For those who would make this career their thing, my guess is your first encounter with artwork is exhilarating. It’s new and fresh and a little like young love. It feels big and exciting and makes the person inside it feel the same. And like young love it promises that if you give yourself over totally, this feeling, this participation in something larger than yourself will fill you up enough to sustain you forever.
And just like young love, you realize at some point that the imagined fantasy isn’t the same as slogging through the day to day. It’s like a long-term relationship – it deepens and changes and is hard hard work. When you know very little about something it’s easy to love everything about it. And just like young love transitioning into something more long term, it’s what happens when you hit the first hiccup or frustration and start figuring out how you are going to be something other than the enthralled and all consumed devotee that you learn whether or not you can stick it out.
This is why I chafe at most shows that depict the artistic process in sitcom or drama form. Underpinning a majority of the plot lines is a tacit assumption that if you love the art, if you are talented, and if you work hard then your initial definition of success will come to you.
It would be nice if that were true.
It’s not.
Talent is no guarantee of success and fame. Neither is hard work. Loving what you do so much it hurts, having feelings about your art that are so strong they are consuming, is even less a guarantee. In fact, it probably makes it harder.
Being that attached to your work makes that much harder to proceed when you have to sacrifice parts of it, radically change your conception of it, suddenly realize that no one cares about the aspect of it you do, or find that the version of it you like best isn’t the version you’re actually good at. (They say Moliere wanted his whole life to be a great tragic actor. Good thing he didn’t stop writing comedies in the interim to never getting there.)
It means there will be moments you remember your young and uncomplicated idea of art and wonder whether what you’re currently doing is actually the same thing.
In my experience creative work is a marathon rather than a sprint. It is an exercise in sustaining over the long haul. To do that one learns new kinds of skills: Defining your own path, authoring an experience you want, requiring effort of yourself instead of it being demanded of you, pulling strength from way deep down to keep going. It’s also about figuring out that you have to be more than just an artist. That you need to develop a life that includes more than your work: things like family and friends and walking in the park and reading a newspaper and cooking meals.

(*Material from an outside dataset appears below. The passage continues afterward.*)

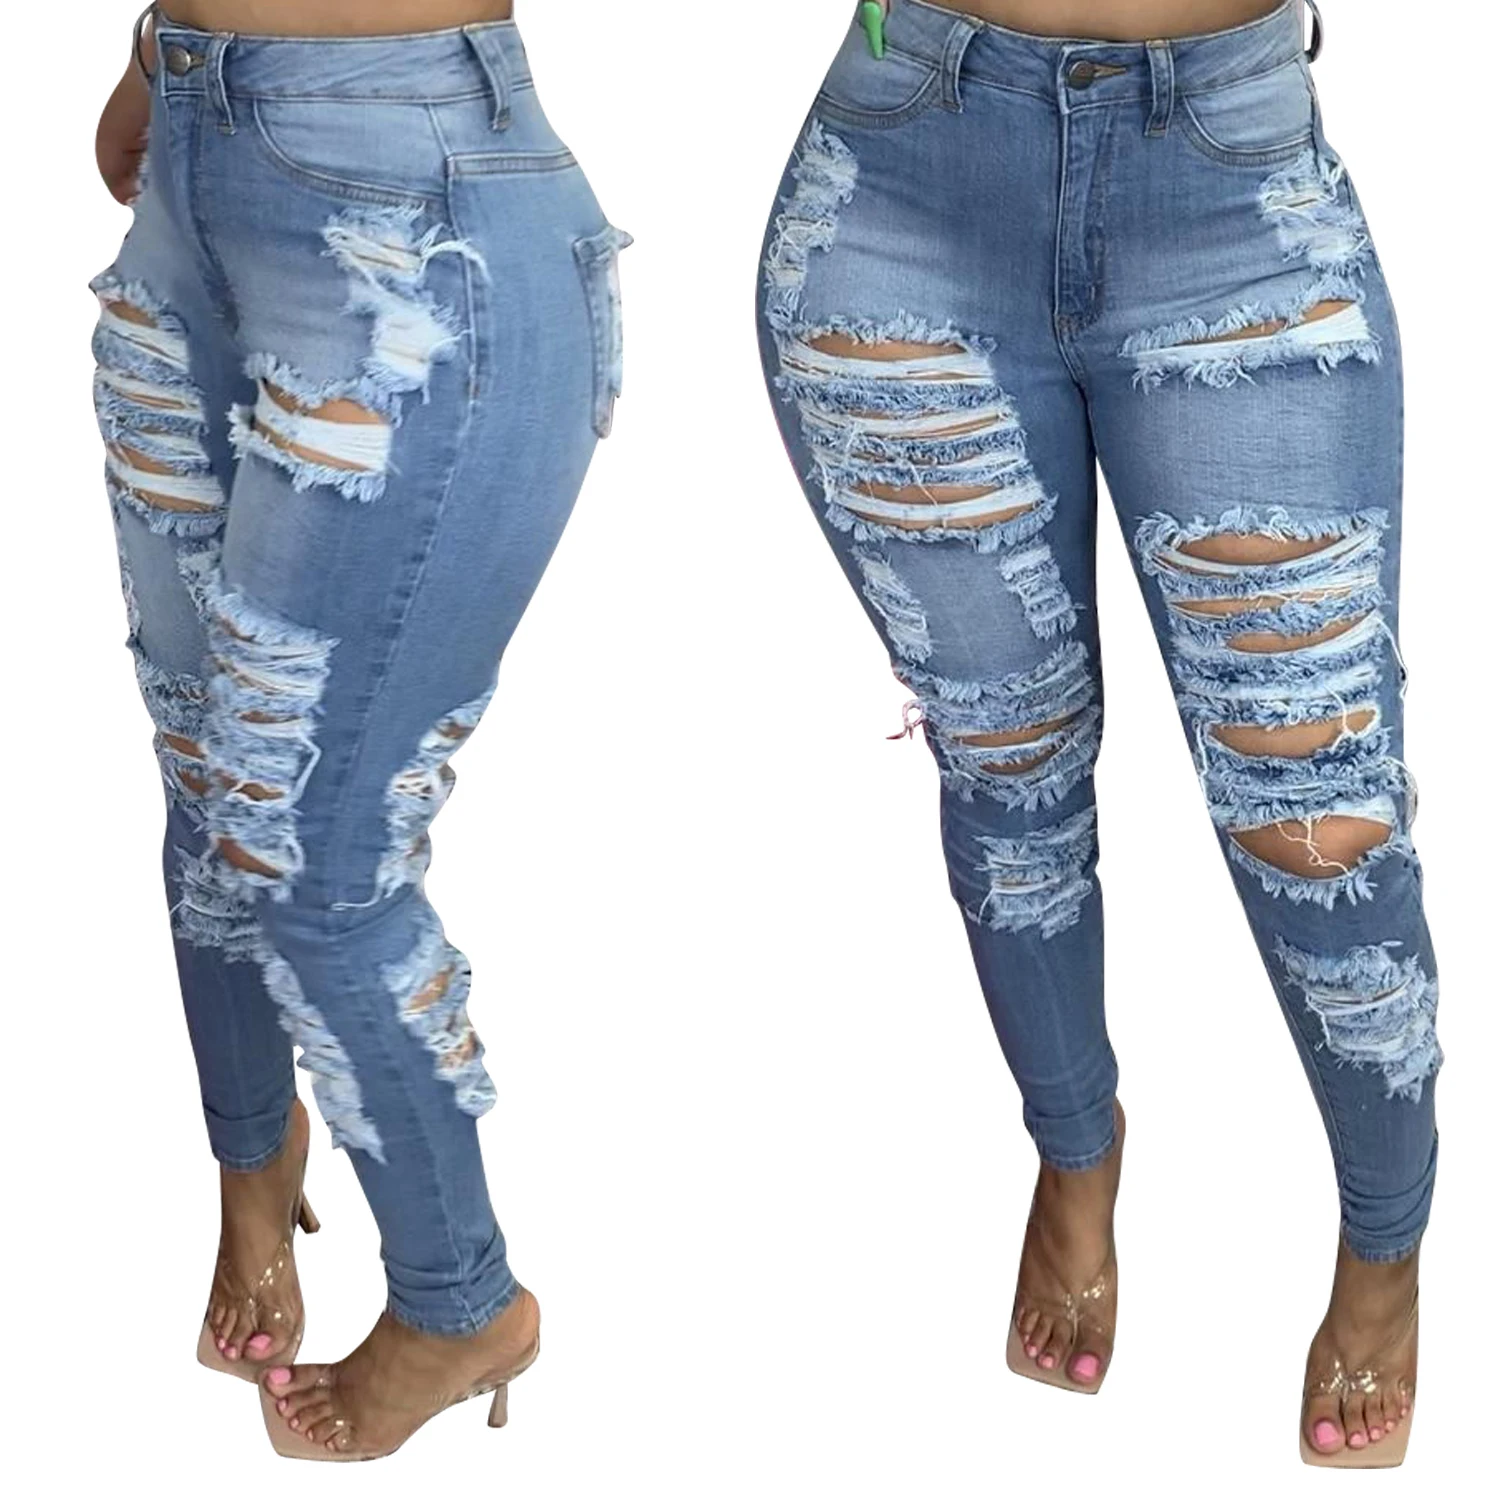 Women Jeans  Buy Jeans for Women Online in India  Myntra
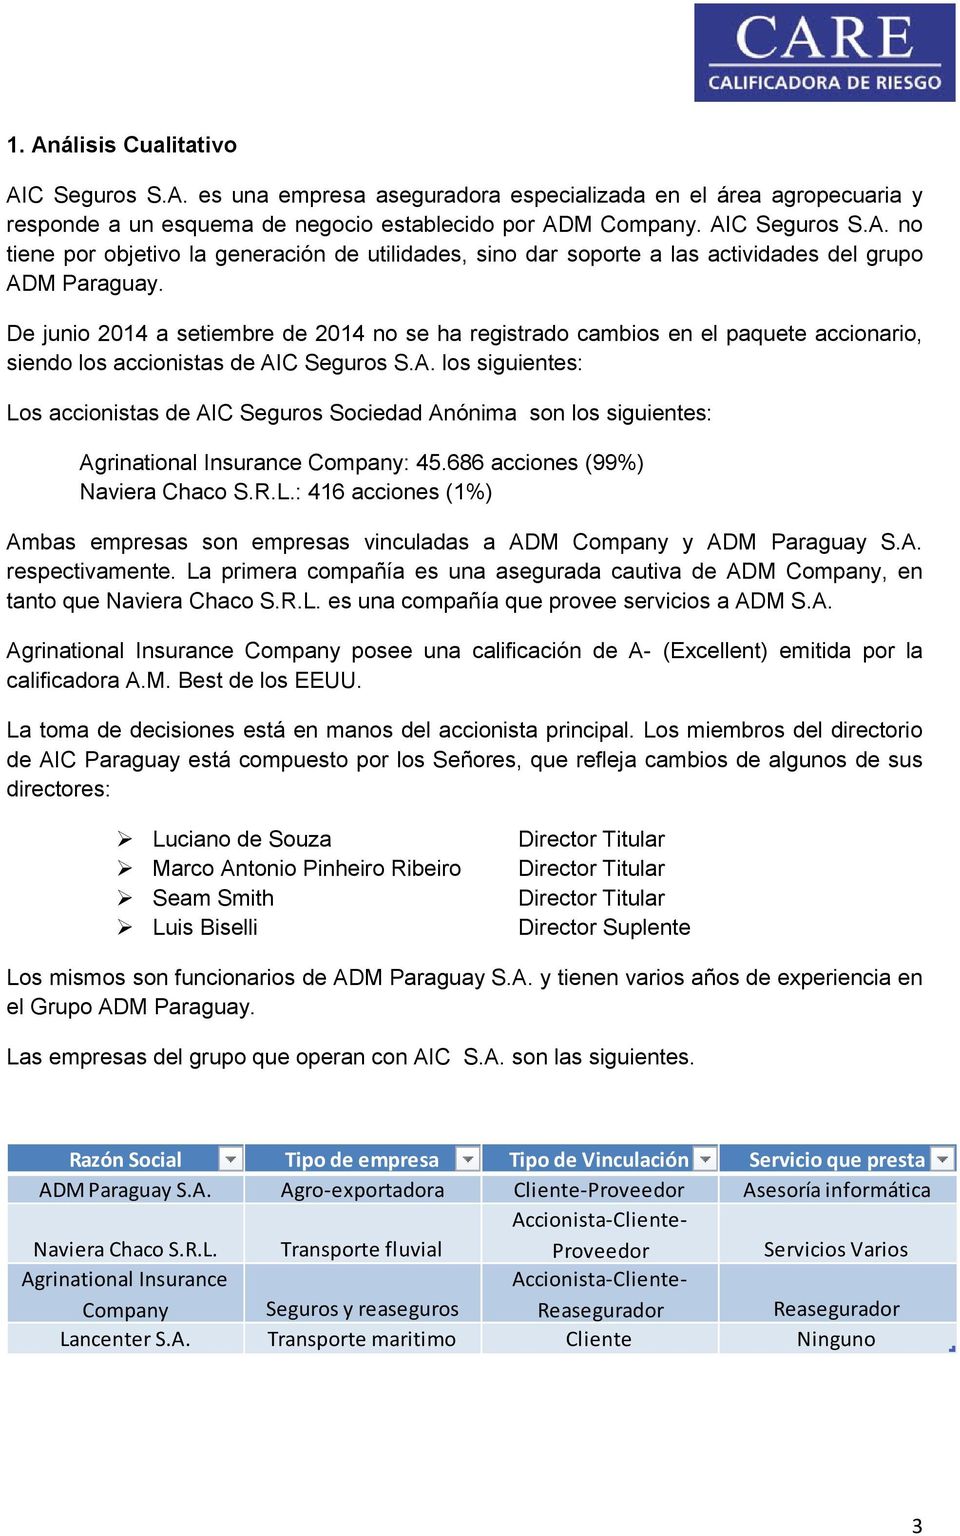 C Seguros S.A. los siguientes: Los accionistas de AIC Seguros Sociedad Anónima son los siguientes: Agrinational Insurance Company: 45.686 acciones (99%) Naviera Chaco S.R.L.: 416 acciones (1%) Ambas empresas son empresas vinculadas a ADM Company y ADM Paraguay S.

With this young actor struggling over the role I talked a bit about the need to take control of one’s own artistic path, not based on eagerness or earnestness that gives away a point of view, but a willingness to get down in the dirt and make some personal imperfect choices.
And the answer that eventually rolled out was essentially, “I don’t know if I actually want to be an performer.”
I think about this a lot.
I wonder if I did the right thing.
If it’s my business to push so hard to get someone to see what the real work of the profession is.
I think so.
I hope so.
Just like everything else in this career, I just did the best I knew how.
– A
Reblogged this on and commented:
Hey all,
Know it’s been a bit. Some (VERY EXCITING) new things on the horizon that have to do with the recent hiatus. That said, I thought I’d re-post an oldie that I was reading over again recently.
We’ll be talking soon…
A
The “Unless you can’t do anything else” didn’t deter me, either, although I eventually left acting as a profession in my late 20s. In hindsight, it wasn’t because it was “hard” — that wasn’t a meaningful enough phrase for me. It turned out that I just don’t have the ability to be comfortable with not knowing where my next paycheck is coming from, which is an actor’s lot. I didn’t understand that at the time, but I wonder how I might have reacted if anyone had suggested to me that a willingness to live with that uncertainty is a requirement of the profession.